Design of a bio-inspired optical compass to estimate the heading of a portable opto-electronic system

  • Posted on: 9 July 2020
  • By: serres
  • Updated on: 9 July 2020
Type recrutement: 
61 (Génie informatique, automatique et traitement du signal)
63 (Génie électrique, électronique, photonique et systèmes)
Entité et lieu: 
Institut des Sciences du Mouvement UMR7287, Aix Marseille Université, Campus Luminy, Marseille, France
Urgent ?: 

PhD position (CIFRE)

Topics: Design of a bio-inspired optical compass to estimate the heading of a portable opto-electronic system.

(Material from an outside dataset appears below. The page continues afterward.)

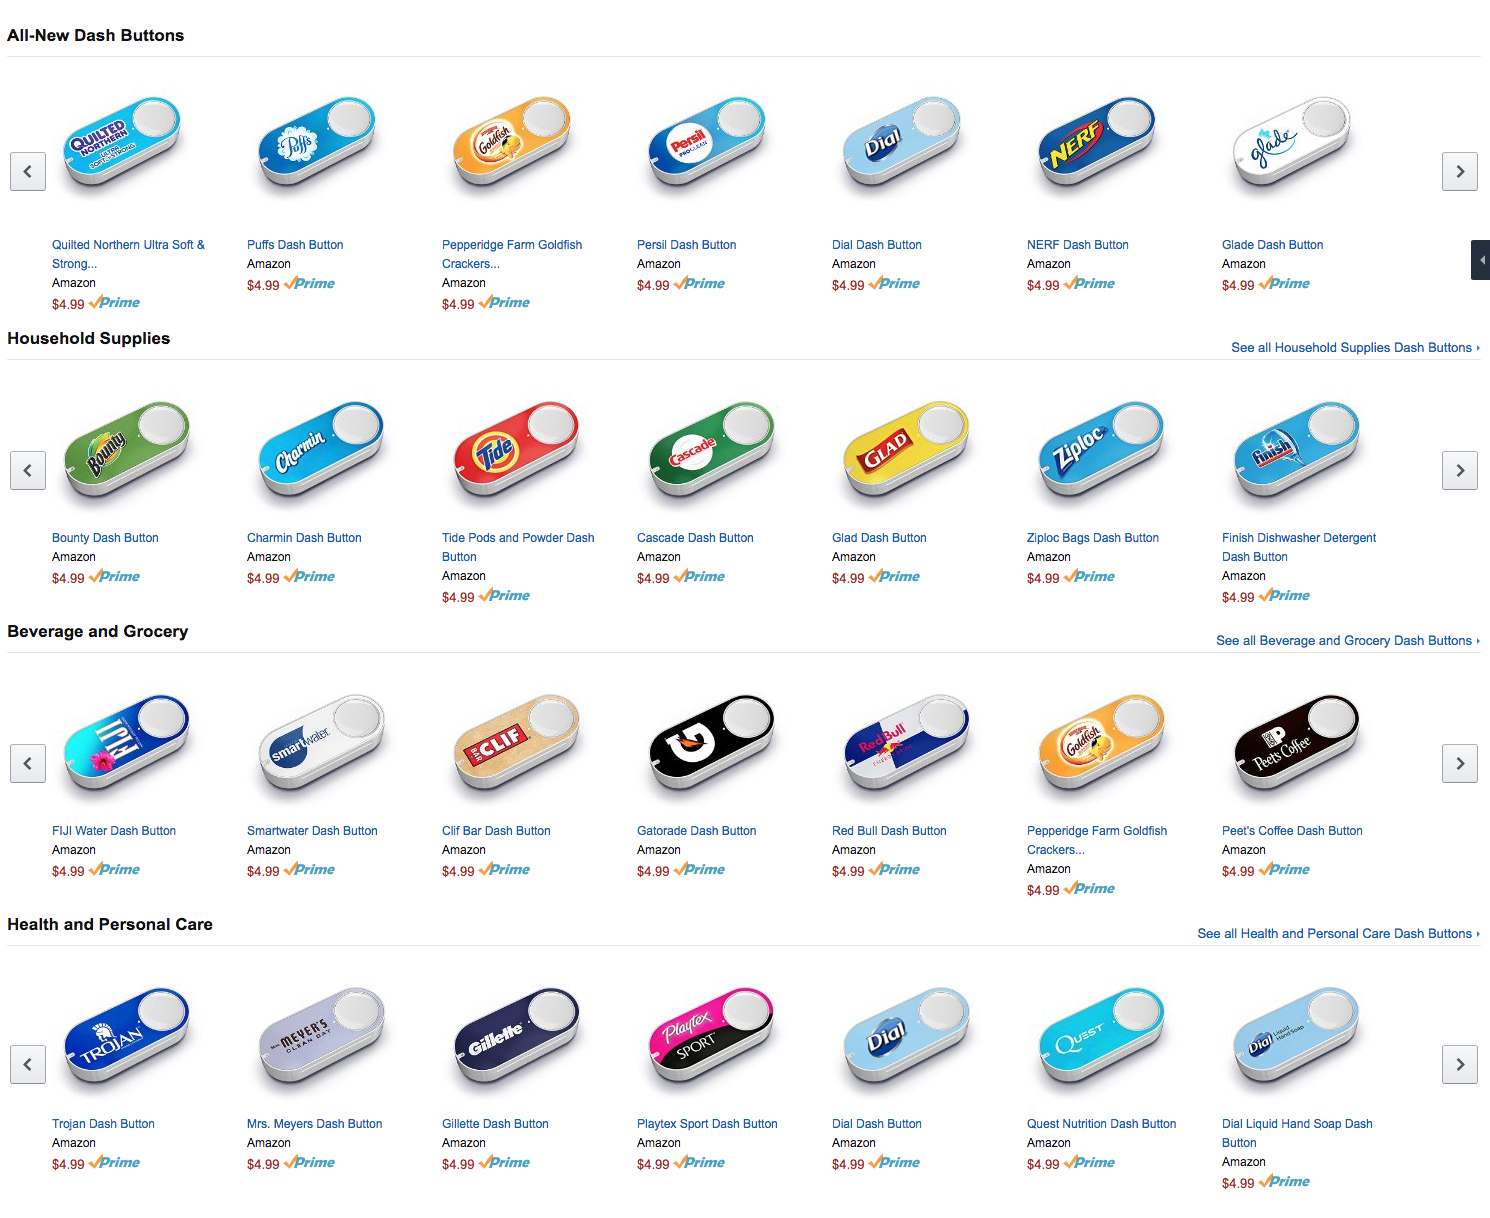 A sample of the Amazon Dash Button selection.

ISM supervisors: Julien SERRES (AMU Senior Lecturer) and Stéphane VIOLLET (CNRS Research Director)

SAFRAN supervisor: Yacine OTHMANI

When it comes to navigating outdoors autonomously, the GPS system plays an important role for any navigation system. Nowadays, it is possible to find complete navigation systems on the shelf that integrate GPS, IMU and magnetic compass for a footprint of only 2x2cm2 and a weight of 5 grams. However, there are circumstances where GPS does not work properly (urban canyons, tunnels...) and where the earth's magnetic field is too disturbed to provide a reliable heading measurement. It is precisely to overcome these problems that we propose to develop an optical compass based on a bio-inspired principle derived from behavioural studies carried out on the Cataglyphis desert ant [1].  This animal has a particular area (called the dorsal rim area) in the dorsal part of its visual field that is sensitive to polarized light from the sky [2]. In addition, SAFRAN Electronics & Defense produces optronic observation systems for various uses. These observation systems require knowledge of their position and orientation in order to calculate the coordinates of the observed points. Portable systems (binoculars) must also remain light and consume little power. To date, there is no sensor that can determine the direction of the binoculars very quickly and in all environmental conditions.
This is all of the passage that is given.